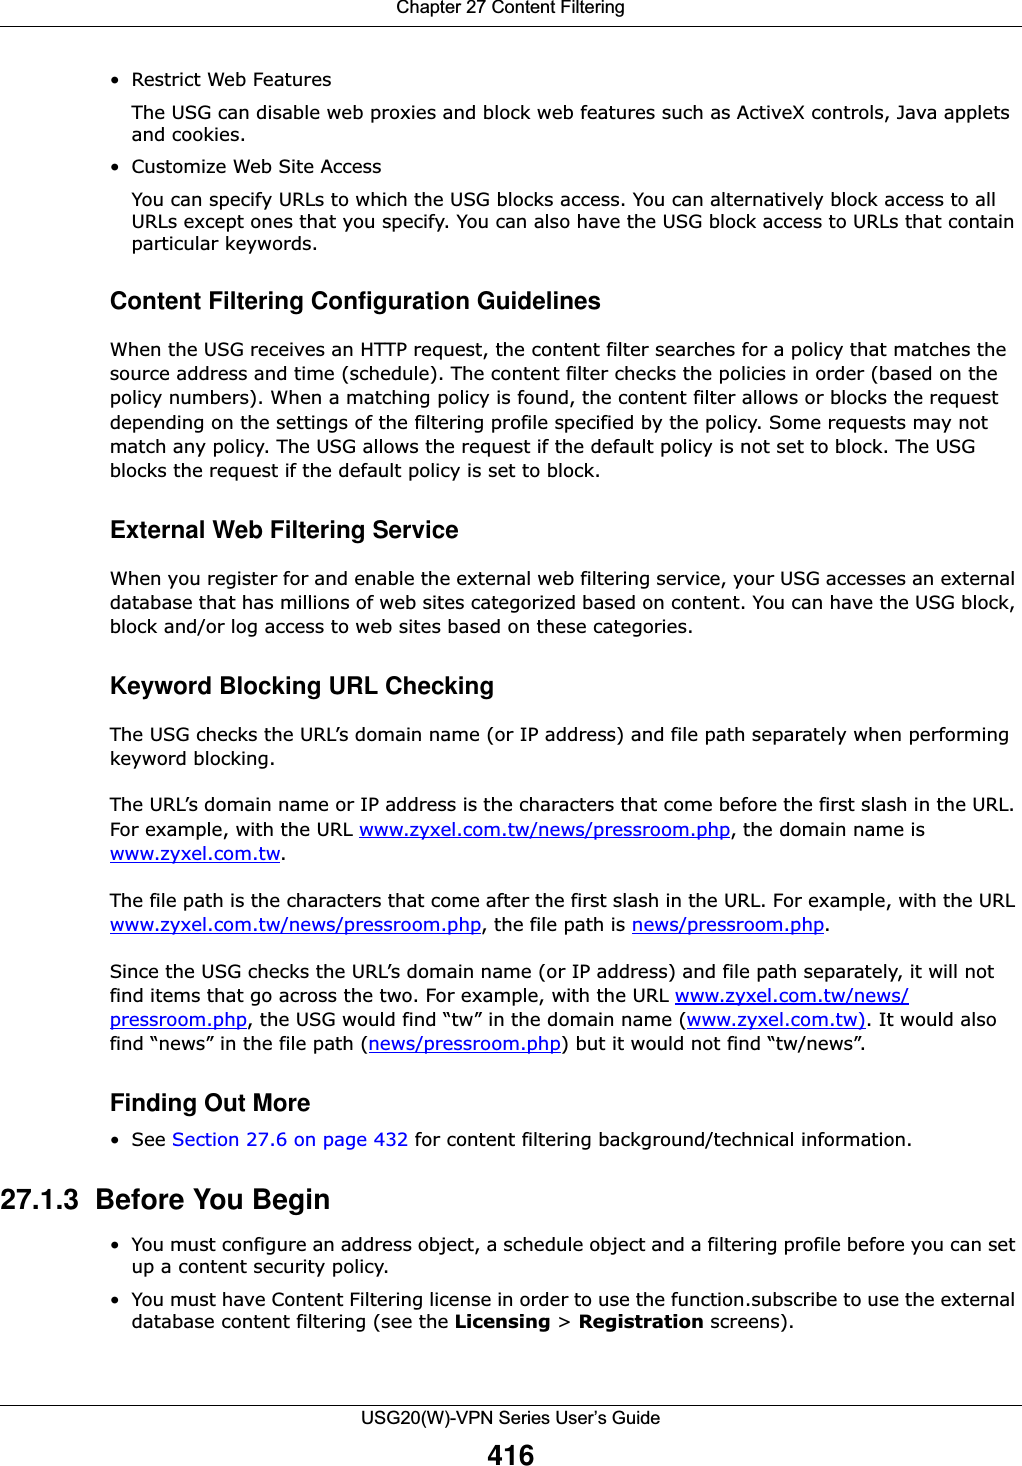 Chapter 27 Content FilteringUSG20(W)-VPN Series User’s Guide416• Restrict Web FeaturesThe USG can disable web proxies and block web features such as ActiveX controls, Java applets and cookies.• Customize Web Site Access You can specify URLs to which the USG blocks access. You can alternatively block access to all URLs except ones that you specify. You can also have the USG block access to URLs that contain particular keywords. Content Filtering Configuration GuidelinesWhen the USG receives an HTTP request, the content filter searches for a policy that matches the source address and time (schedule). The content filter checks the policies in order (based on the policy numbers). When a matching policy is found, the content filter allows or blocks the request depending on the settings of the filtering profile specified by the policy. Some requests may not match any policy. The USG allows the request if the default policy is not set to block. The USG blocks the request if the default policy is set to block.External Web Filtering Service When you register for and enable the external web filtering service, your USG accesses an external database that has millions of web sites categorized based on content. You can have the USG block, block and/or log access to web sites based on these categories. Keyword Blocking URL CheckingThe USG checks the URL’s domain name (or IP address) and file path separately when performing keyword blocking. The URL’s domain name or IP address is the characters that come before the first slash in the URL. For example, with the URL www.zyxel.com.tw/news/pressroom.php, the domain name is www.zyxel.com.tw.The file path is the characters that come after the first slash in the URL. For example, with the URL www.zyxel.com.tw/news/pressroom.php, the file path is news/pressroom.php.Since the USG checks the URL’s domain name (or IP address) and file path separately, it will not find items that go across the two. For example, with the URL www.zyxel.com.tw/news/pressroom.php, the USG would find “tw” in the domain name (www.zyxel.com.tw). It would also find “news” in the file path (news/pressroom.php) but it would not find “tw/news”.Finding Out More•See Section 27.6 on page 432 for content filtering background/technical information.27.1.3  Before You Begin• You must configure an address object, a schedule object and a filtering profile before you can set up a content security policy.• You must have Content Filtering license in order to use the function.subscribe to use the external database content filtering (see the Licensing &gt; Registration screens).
——
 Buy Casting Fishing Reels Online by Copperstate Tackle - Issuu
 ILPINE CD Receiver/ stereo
——
## THE PROBLEM
Give back exactly the lines of the listing above that run from the line with "Buy Casting Fishing" to the line with "ILPINE CD Receiver/ stereo", inclusive.

## SOLUTION FOR THIS TASK
 Buy Casting Fishing Reels Online by Copperstate Tackle - Issuu
 ILPINE CD Receiver/ stereo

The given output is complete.